Tokyo, Japan CNN  — 

Light bursts into the dark room through a horizontal slit and an intersecting vertical line.

In the simple pews behind the mesmerizing cross-shaped glow, scores of visitors snap pictures on their phones of the concrete installation.

They are inside a life-sized replica of the Church of the Light, the famous Osaka chapel by Japanese architect Tadao Ando, which perfectly demonstrates his signature manipulation of the relationship between concrete, space and light.

Inside, its solemnity is breathtaking. Carving a cruciform into a reinforced concrete wall evokes such a pure feeling of spirituality it seems ludicrous it hadn’t been done before 1989.

Church of the Light, Osaka

But that’s the beauty of an Ando design. “(My work) seems like something which anyone can make,” he tells CNN. “But (nobody) else can make it. It is my architecture.”

The National Art Center, Tokyo has erected the structure on its terrace for its huge retrospective of Ando life’s work that runs until December 18.
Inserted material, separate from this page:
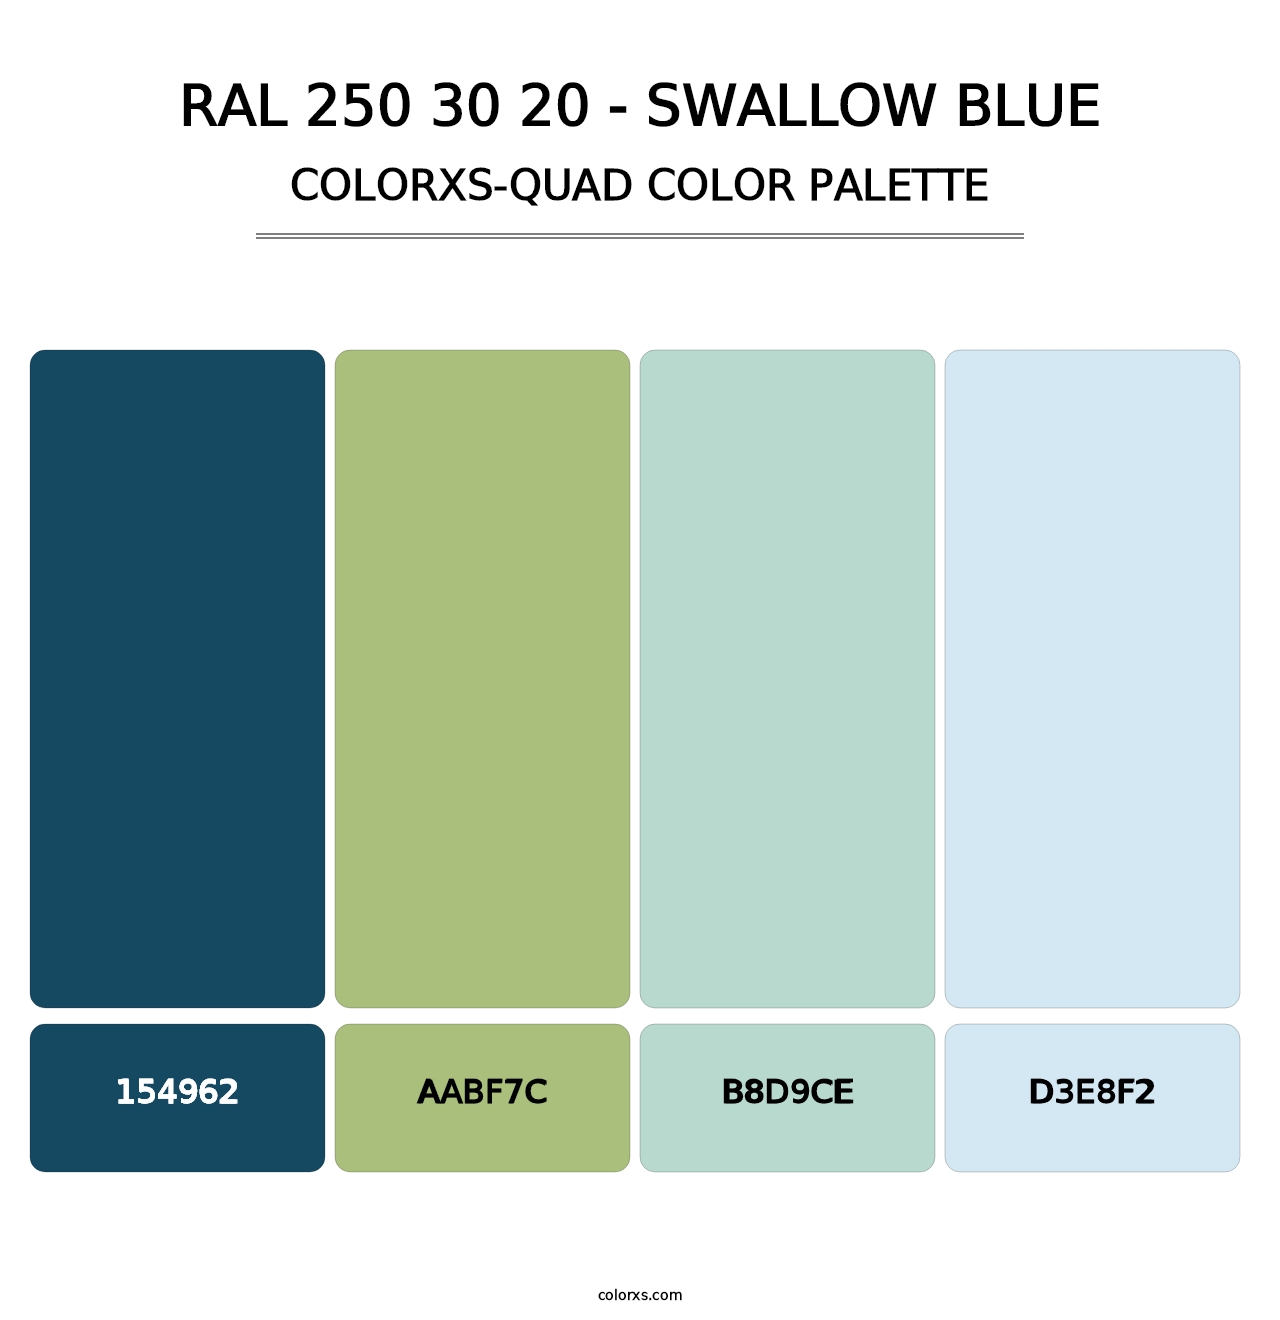 RAL 250 30 20 - Swallow Blue - Colorxs Quad Palette

The Pulitzer Foundation for the Arts, in St Louis, United States -- a classic Tadao Ando building.

In English, the show is called “Endeavors,” but in Japanese, the name translates more accurately as “Challenge” – a title that speaks not only to Ando’s personal struggles but also to the inherent problem of exhibiting the work of an architect.

The installation is a powerful reply to that problem, but Ando says the real point of the exhibition is to inspire people to “go and see the real ones.”

Boxing clever

Ando is a household name in Japan, and his celebrity is expected to attract 150,000 visitors to the exhibition, many from beyond the architecture world.

Tadao Ando in 1999.

“Everybody can enjoy Ando’s work,” says Yayoi Motohashi, curator of “Endeavors.” “And his biography is really encouraging. He didn’t have enough money to get an education. He did everything himself.”
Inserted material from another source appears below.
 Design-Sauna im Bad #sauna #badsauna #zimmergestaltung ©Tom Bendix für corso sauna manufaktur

Ando’s unlikely rise from obscurity to design some of the world’s most iconic buildings for its richest people is something of an urban legend.

Tado Ando's Church on the Water.

The self-taught Japanese architect was born in 1941 the eldest of twin boys, who were separated in their infancy. Ando went to live with his grandmother, who nurtured in him a talent for craftsmanship.

His younger years had no trace of great promise: he worked briefly as a professional boxer and a lorry driver, before aged 24 boarding a Siberian train to Europe “to see the world.”